К северу от Биг-Сура они въехали в туннель, проходящий под скалой. Бык притормозил на пару секунд, потом его очки приспособились к темноте, и он снова набрал скорость. Они выехали из туннеля в яркий солнечный свет на скорости шестьдесят миль в час. Грэм надеялся, что Бык еще успеет пробормотать свое типичное «Что это тут еще за чертовщина?», но, в сущности, это было не очень важно. В десяти ярдах от выезда из туннеля «кадиллак» врезался в опущенный ковш тридцатидвухтонного бульдозера. В кресле бульдозериста, в замасленной джинсовой куртке и ярко-желтой каске, сидел сам Грэм. Над верхом ковша полыхнуло пламя, а затем последовало тело ковбоя, пролетевшее высоко над кабиной. Грэм огляделся, сдал назад и медленно переехал безжизненное тело, ломая кости и раскатывая плоть в тонкий слой теста. Потом он снова подался вперед, сдвинул обломки «кадиллака» с дороги и услышал, как машина покатилась вниз к Тихому океану. Затем, оглянувшись через плечо на алого пряничного человечка на трассе, он с лязгом двинулся обратно в туннель.
– Можно я у тебя еще кое о ком спрошу? – поинтересовался Грэм на следующий вечер, когда они уже лежали в постели.
– Конечно. – Энн подобралась; она надеялась, что на этот раз будет лучше, чем в прошлый. И в позапрошлый.
– Бык Скелтон.
– Бык Скелтон? Господи, где ты его увидел-то? Я вообще не помню, что снималась с ним.
– «Ковбой и кораллы». Довольно жуткий фильм, надо сказать. Ты играла девушку в раздевалке, которая берет у героя шляпу и говорит: «Ух ты, у нас тут обычно таких огромных не бывает».
– Я такое сказала?
Энн испытывала интерес наряду с облегчением. Кроме того, от безумного обвинения ей было слегка не по себе. Если он думает, что я могла трахаться со
– Боюсь, что да, – ответил Грэм. – И придала каждому слову его полный вес.
– А он что ответил?
– Не помню. Какую-то ерунду про то, что в Аризоне от красного мяса у всех все вырастает. Что-то изысканное в этом духе.
– А я что на это сказала?
– Ничего. У тебя была только одна реплика. Дальше ты просто мечтательно глядела.

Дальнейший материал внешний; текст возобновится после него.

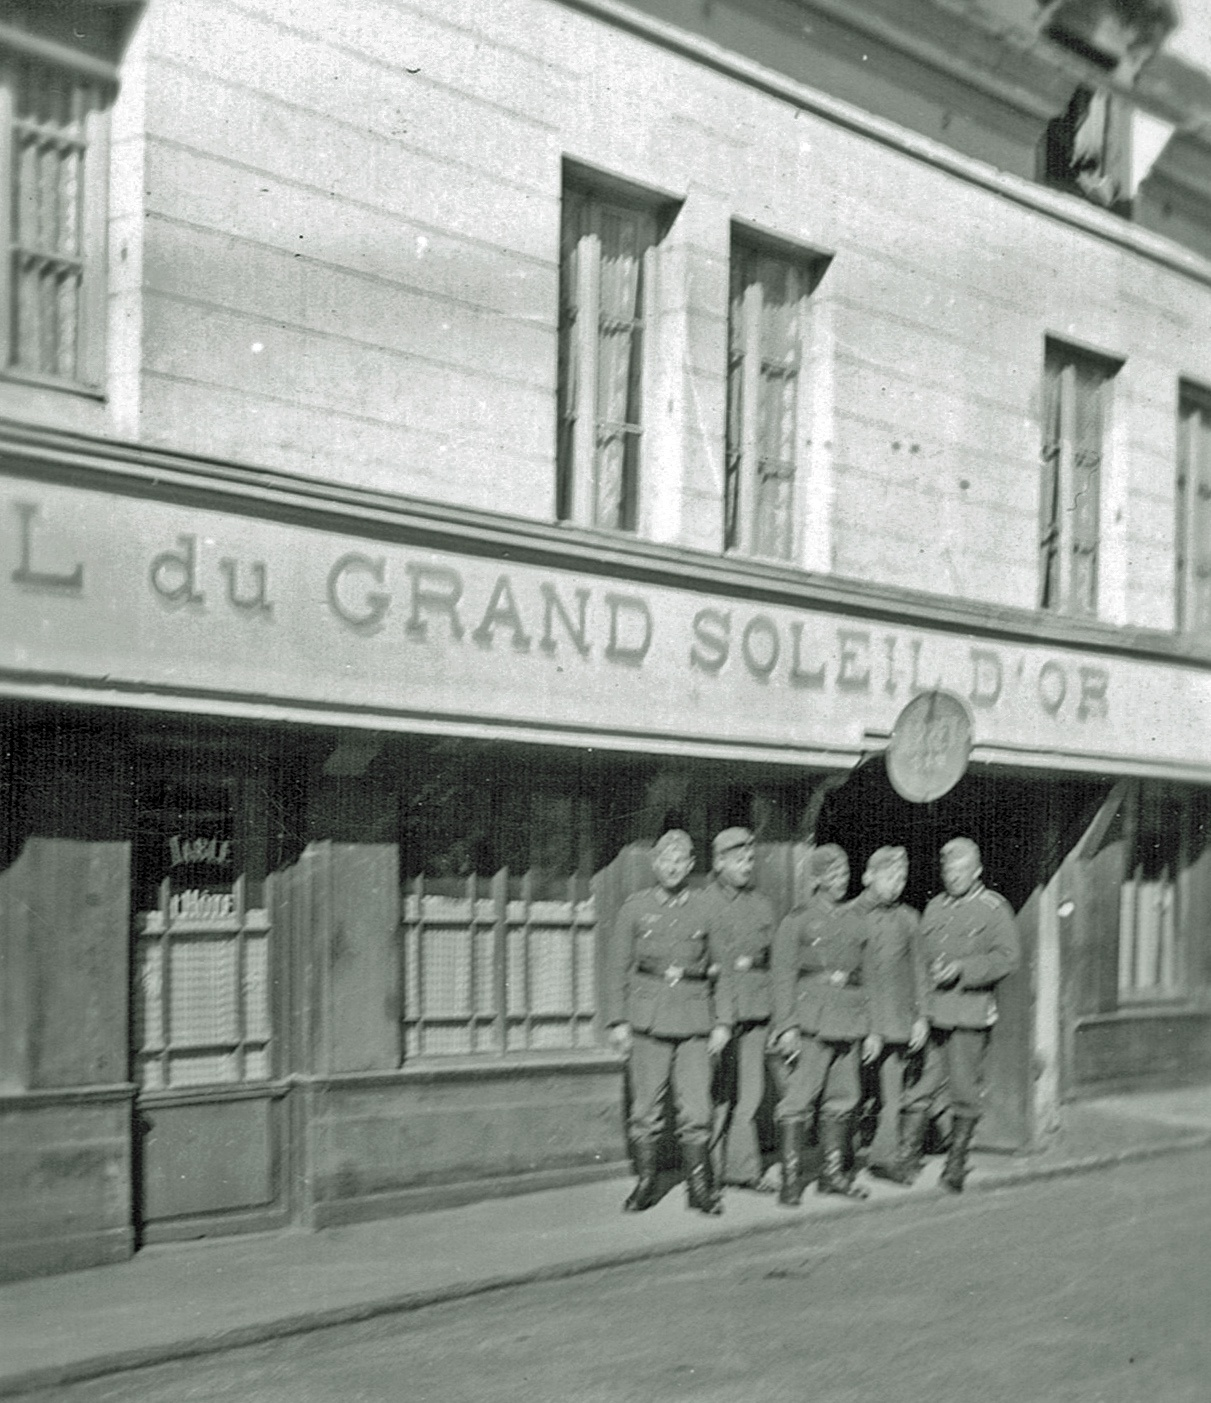 13. Mai 1941 Pause Hotel du Grand Soleil D'Or - Montfort sur Risle

– Да, я помню, так приходилось делать часто. Взгляд девы, потертой теплой перчаткой. – Она почувствовала, что Грэм сжался, услышав эту фразу. – Я делала вот что: вспоминала, когда последний раз прилично обедала. От этого глаза подергивались похотливой поволокой.
– И что?
Тело рядом с ней снова закаменело.
– И что?
– Ты с ним спала?
– С Быком Скелтоном? Грэм, у Габби Хейса[27] и то было бы больше шансов.
Грэм повернулся к ней и прижал ее лицо к своей руке; ладонь протянулась и опустилась ей на живот.
– Хотя однажды я дала ему себя поцеловать.
Его предположение было таким смехотворным, что, по ее понятиям, он заслуживал в ответ полную прямоту. Рука Грэма на ее животе замерла. Она знала, что он по-прежнему ждет.